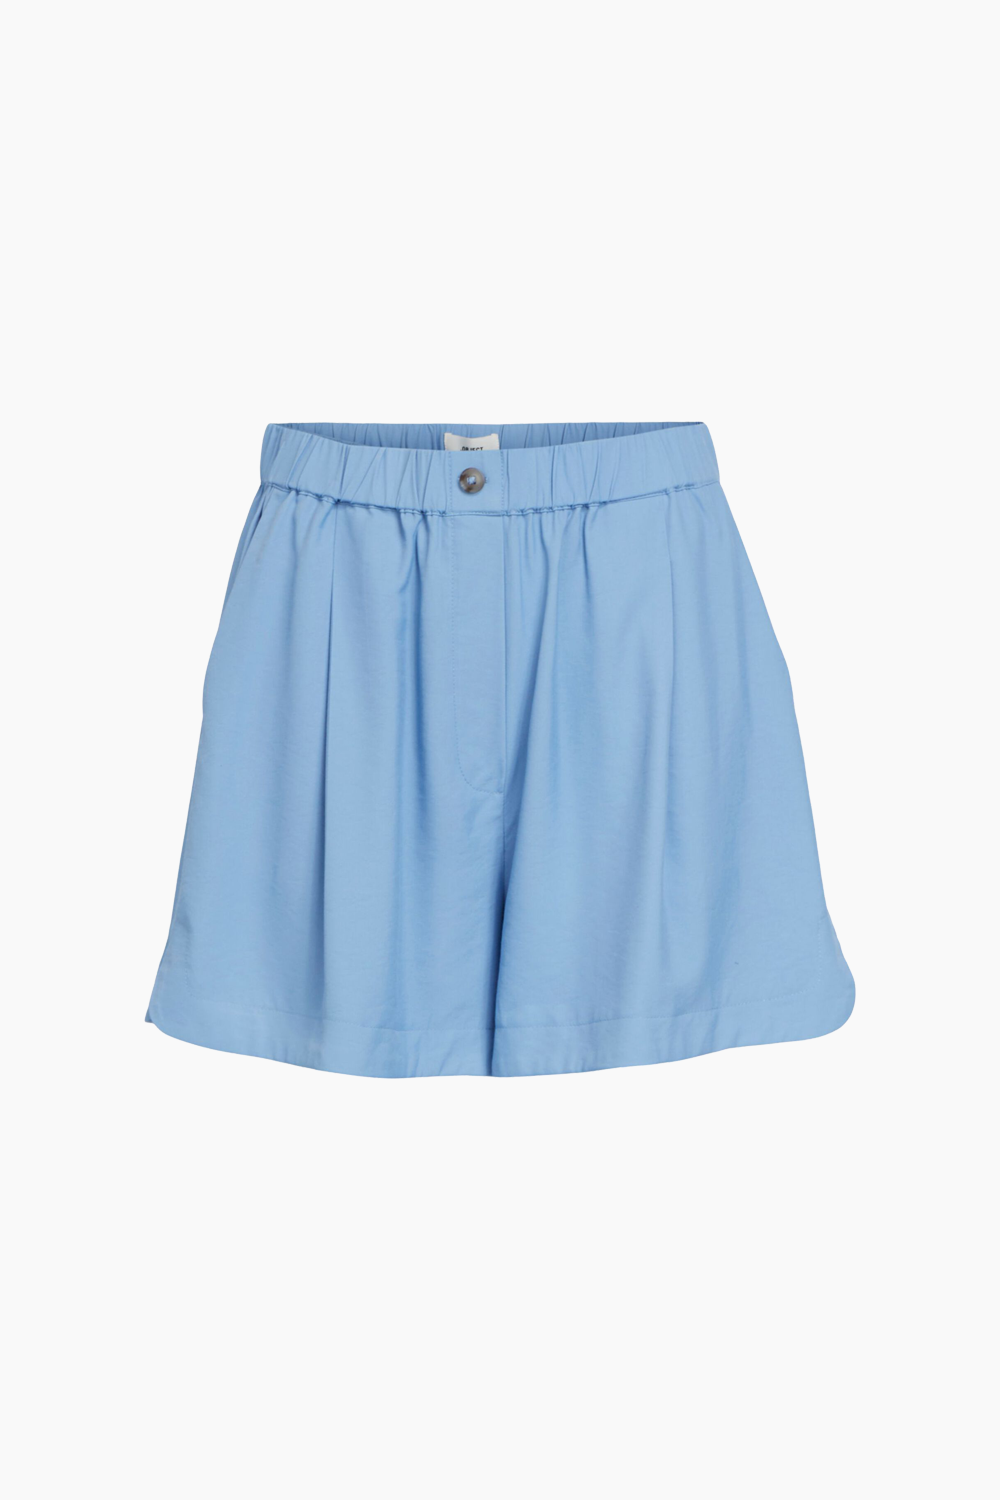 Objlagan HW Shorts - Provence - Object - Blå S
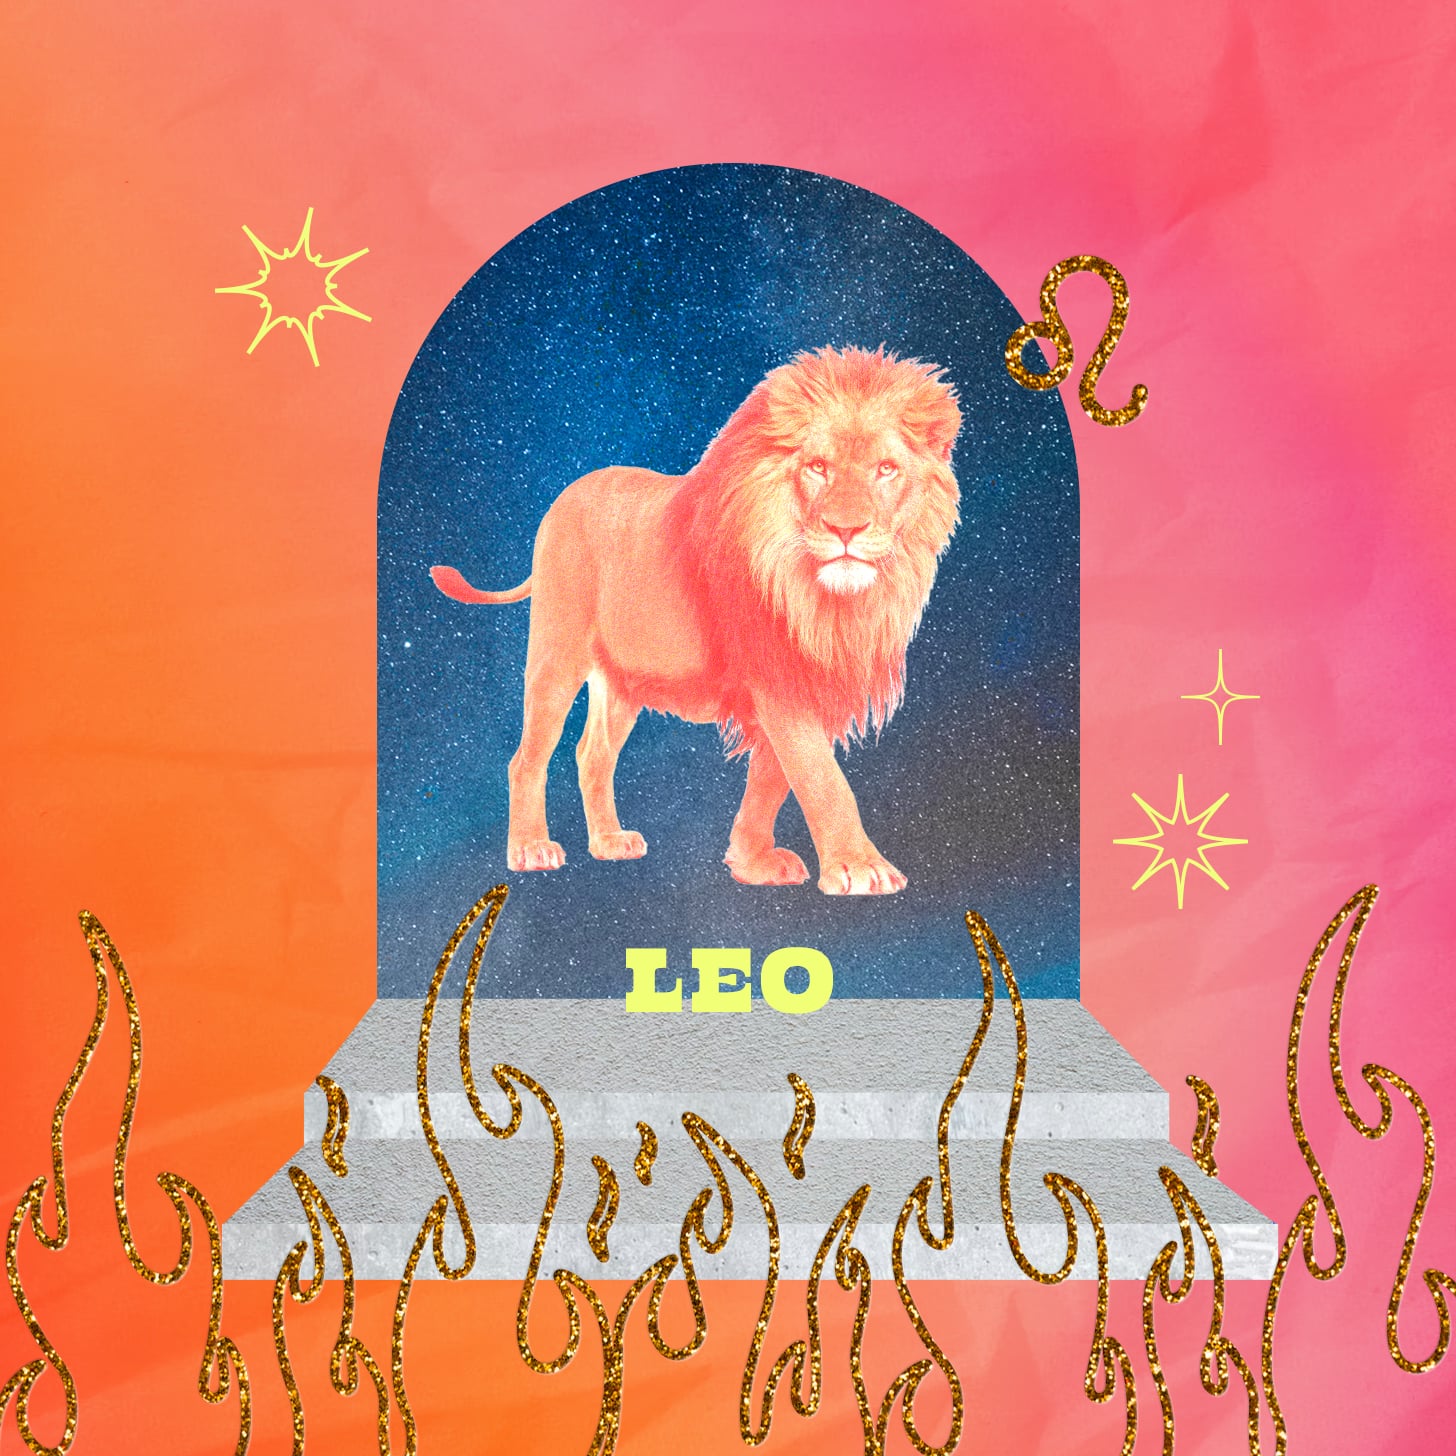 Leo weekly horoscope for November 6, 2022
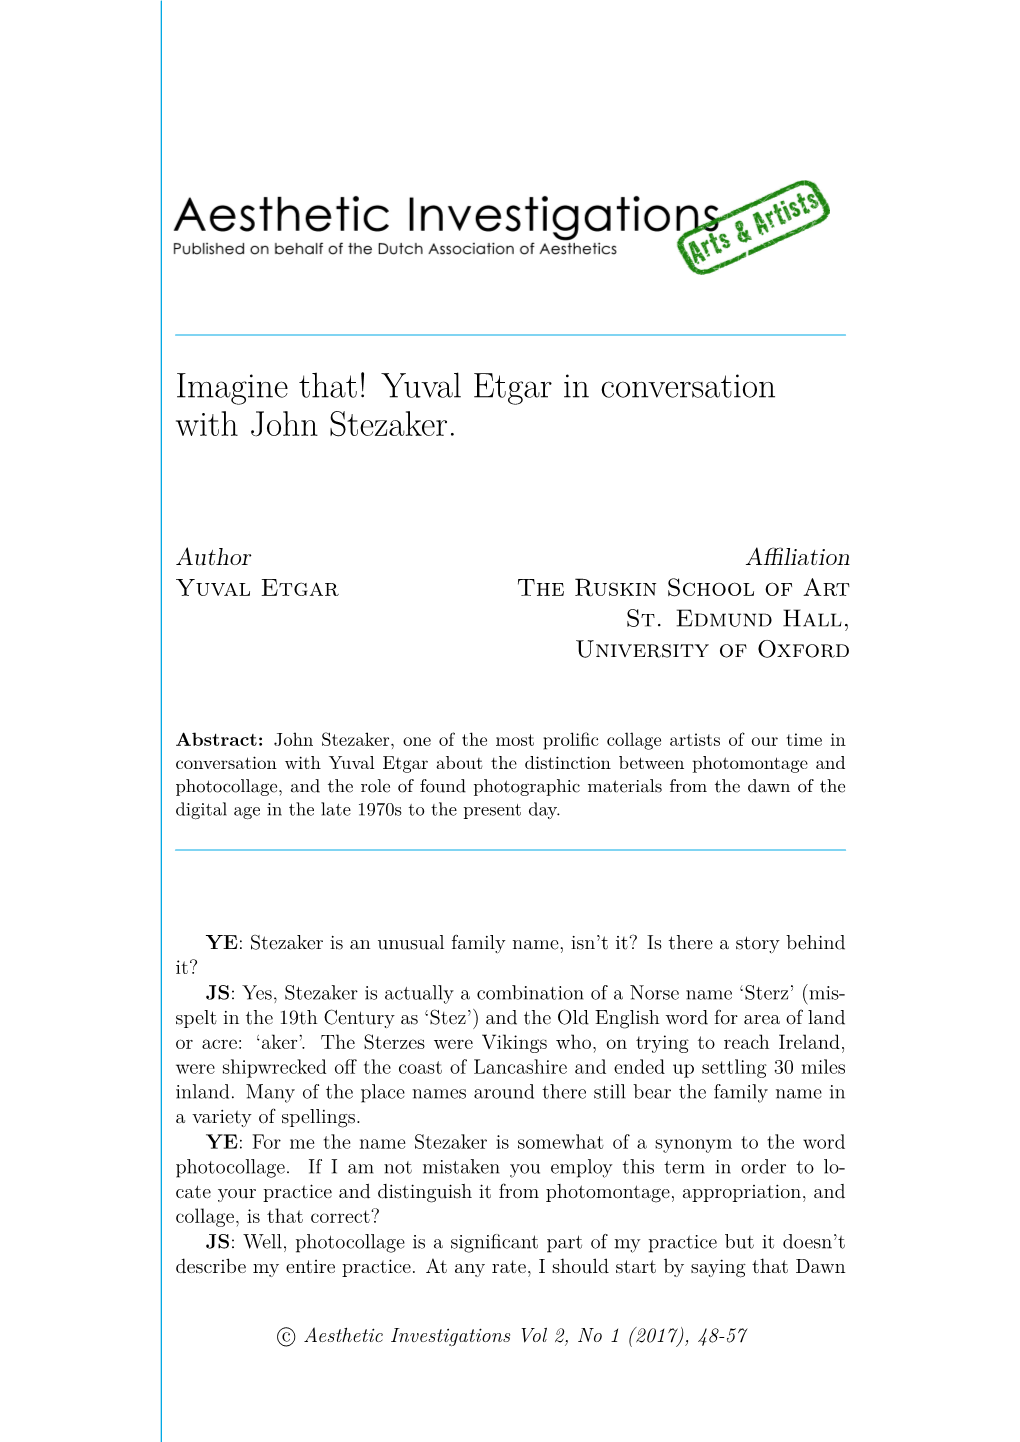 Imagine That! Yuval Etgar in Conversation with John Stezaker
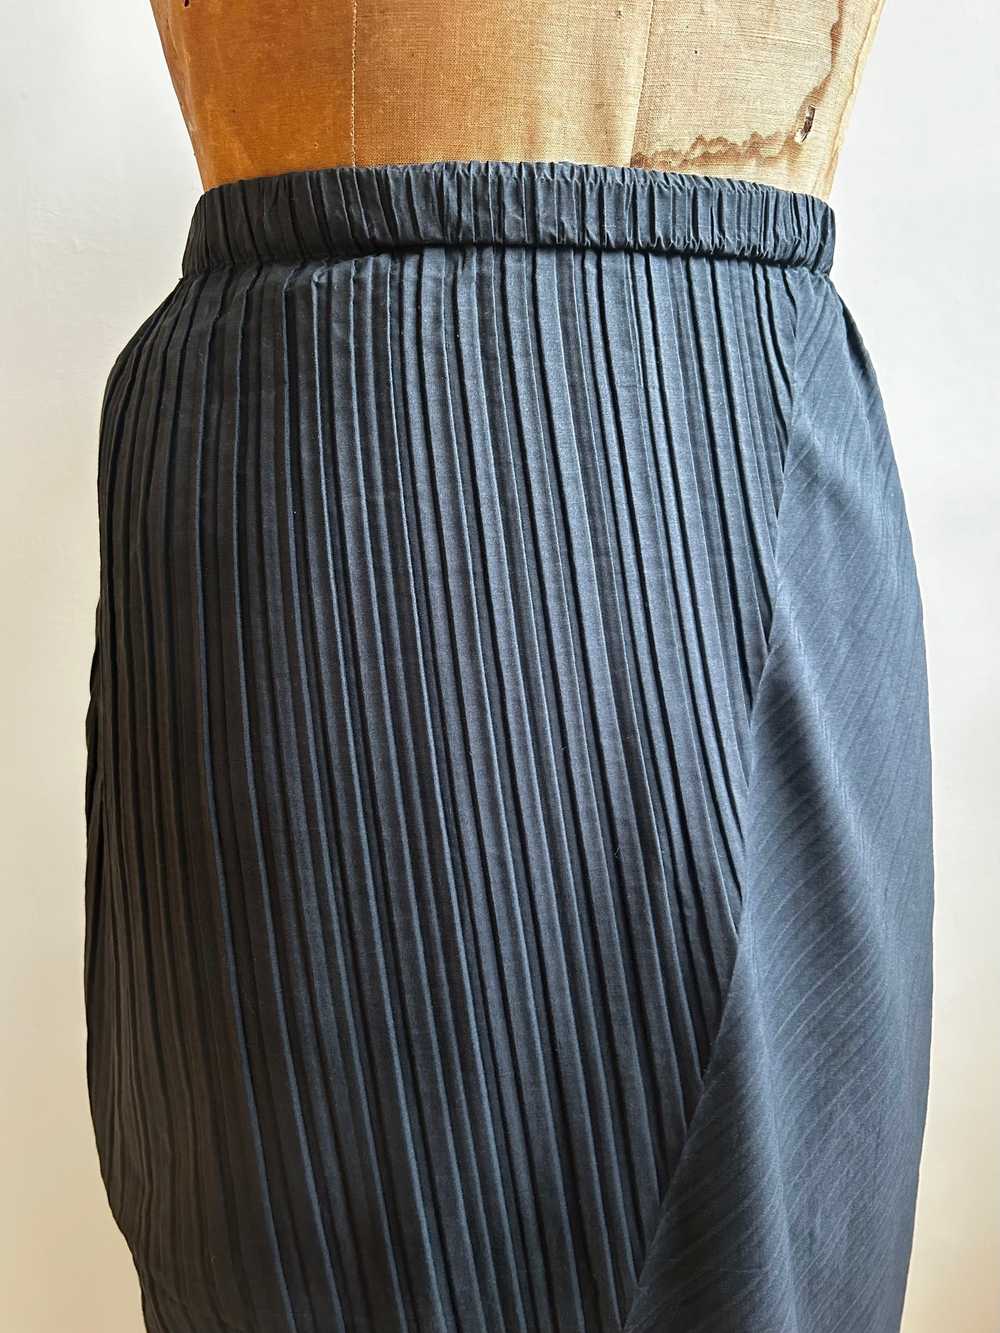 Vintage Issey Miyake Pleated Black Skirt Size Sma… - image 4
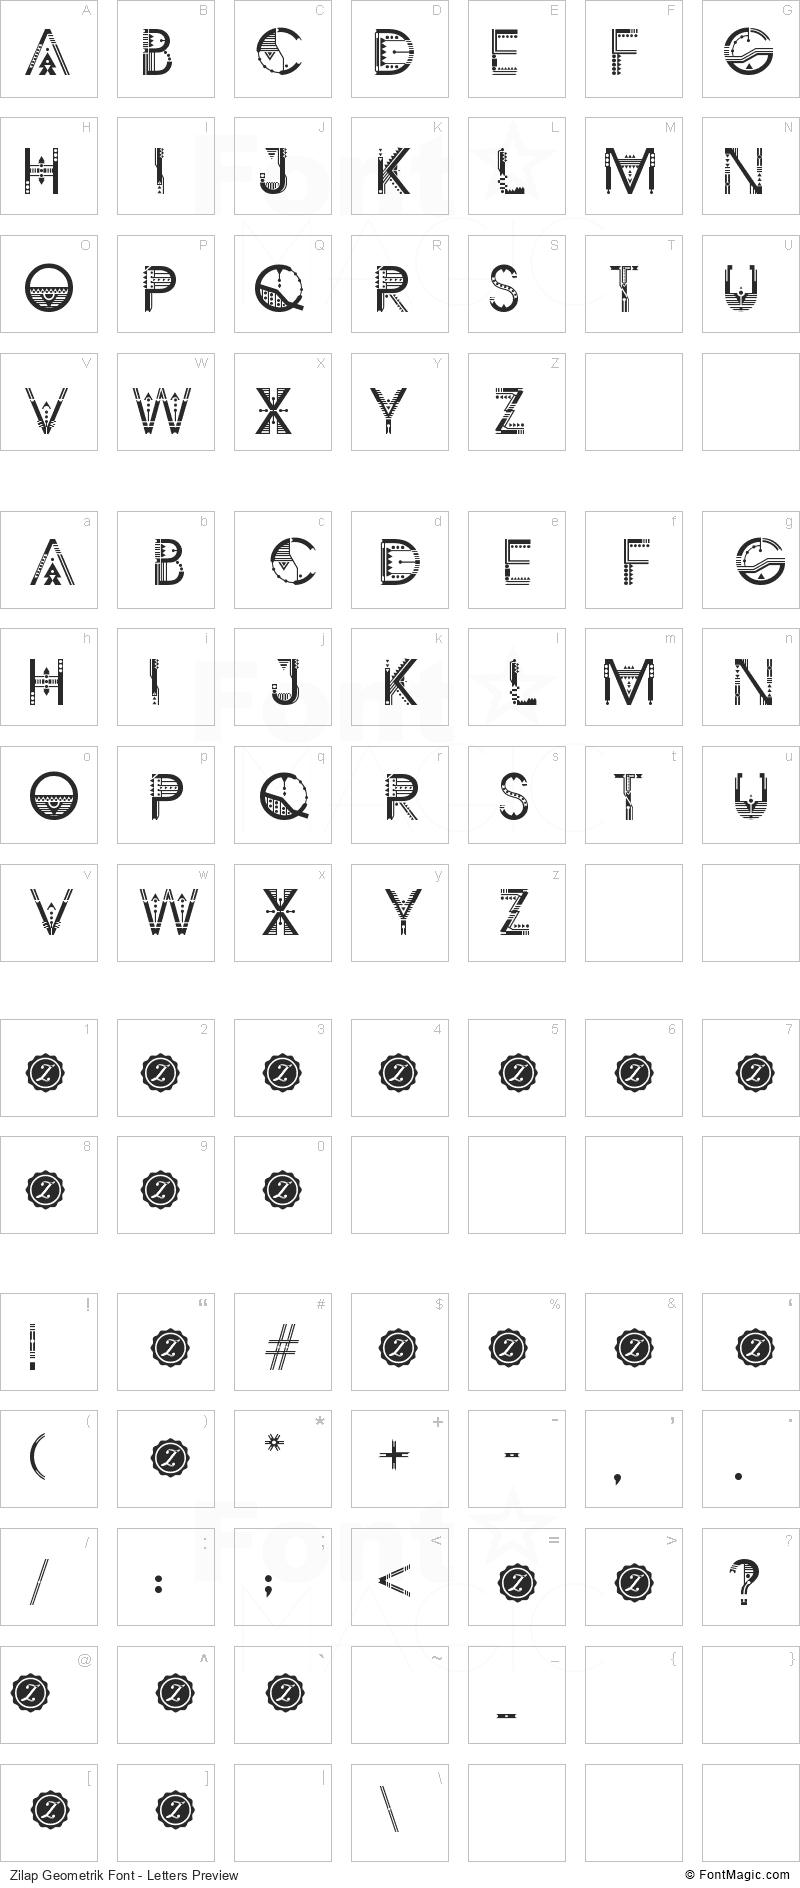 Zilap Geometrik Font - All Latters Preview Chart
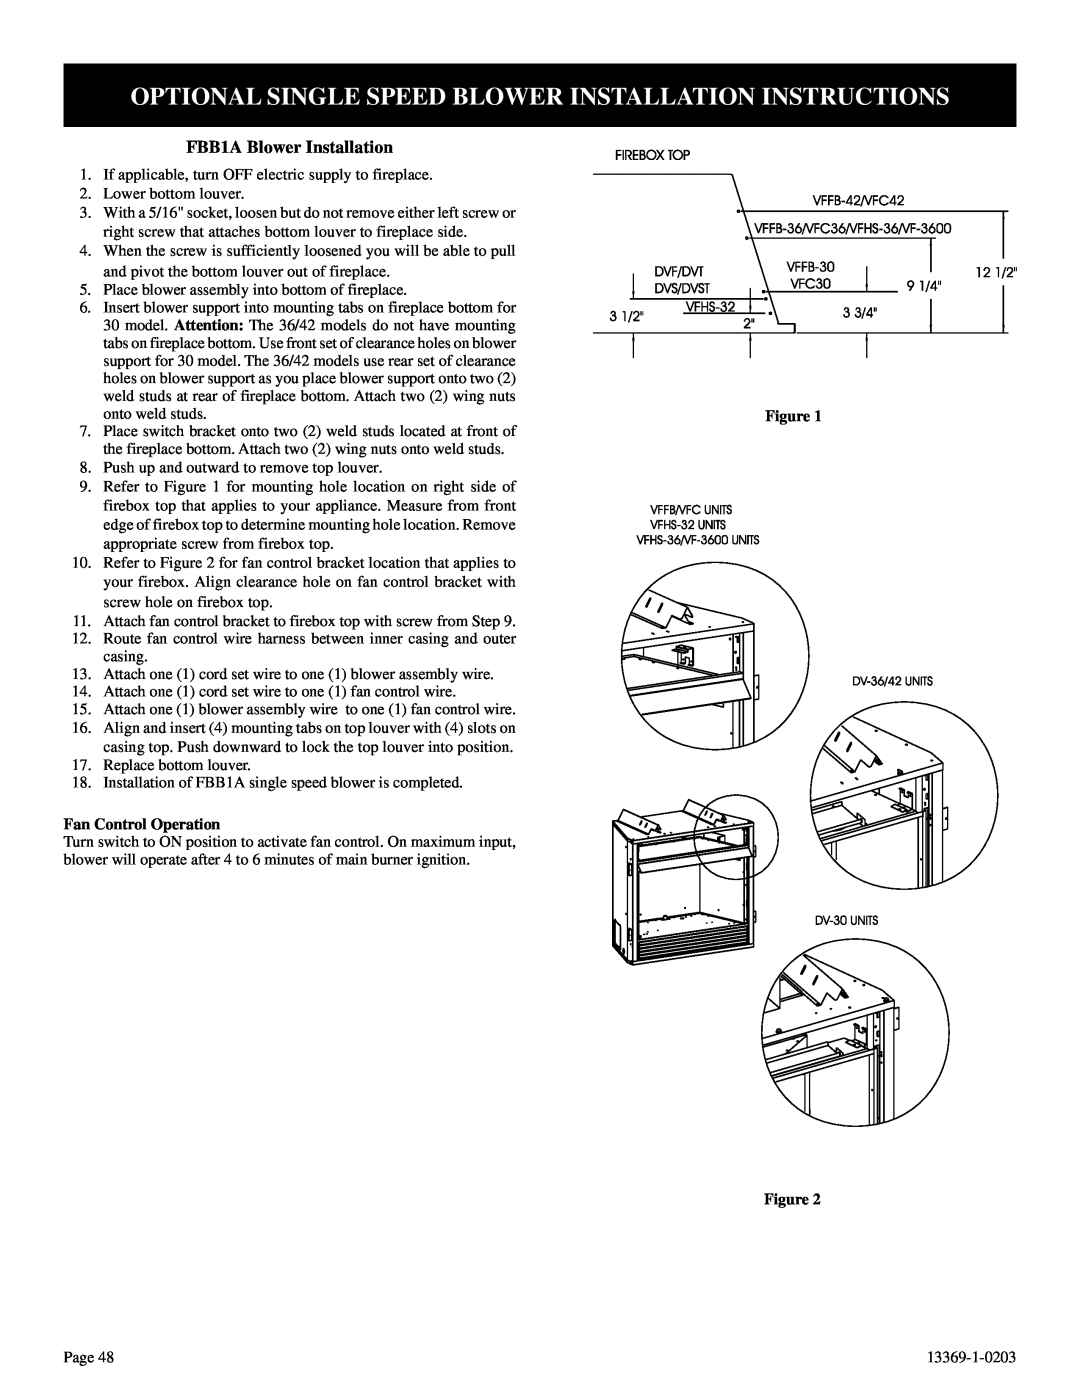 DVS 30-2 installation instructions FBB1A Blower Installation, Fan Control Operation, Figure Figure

Your goal - An exact copy of the entries above, with no pictures, is the required answer.

Response to this task -
 Objlagan HW Shorts - Provence - Object - Blå S
 Leo weekly horoscope for November 6, 2022
 Imagine That! Yuval Etgar in Conversation with John Stezaker
 Vintage Issey Miyake Pleated Black Skirt Size Sma… - image 4
 Zilap Geometrik Font - All Latters Preview Chart
 DVS 30-2 installation instructions FBB1A Blower Installation, Fan Control Operation, Figure Figure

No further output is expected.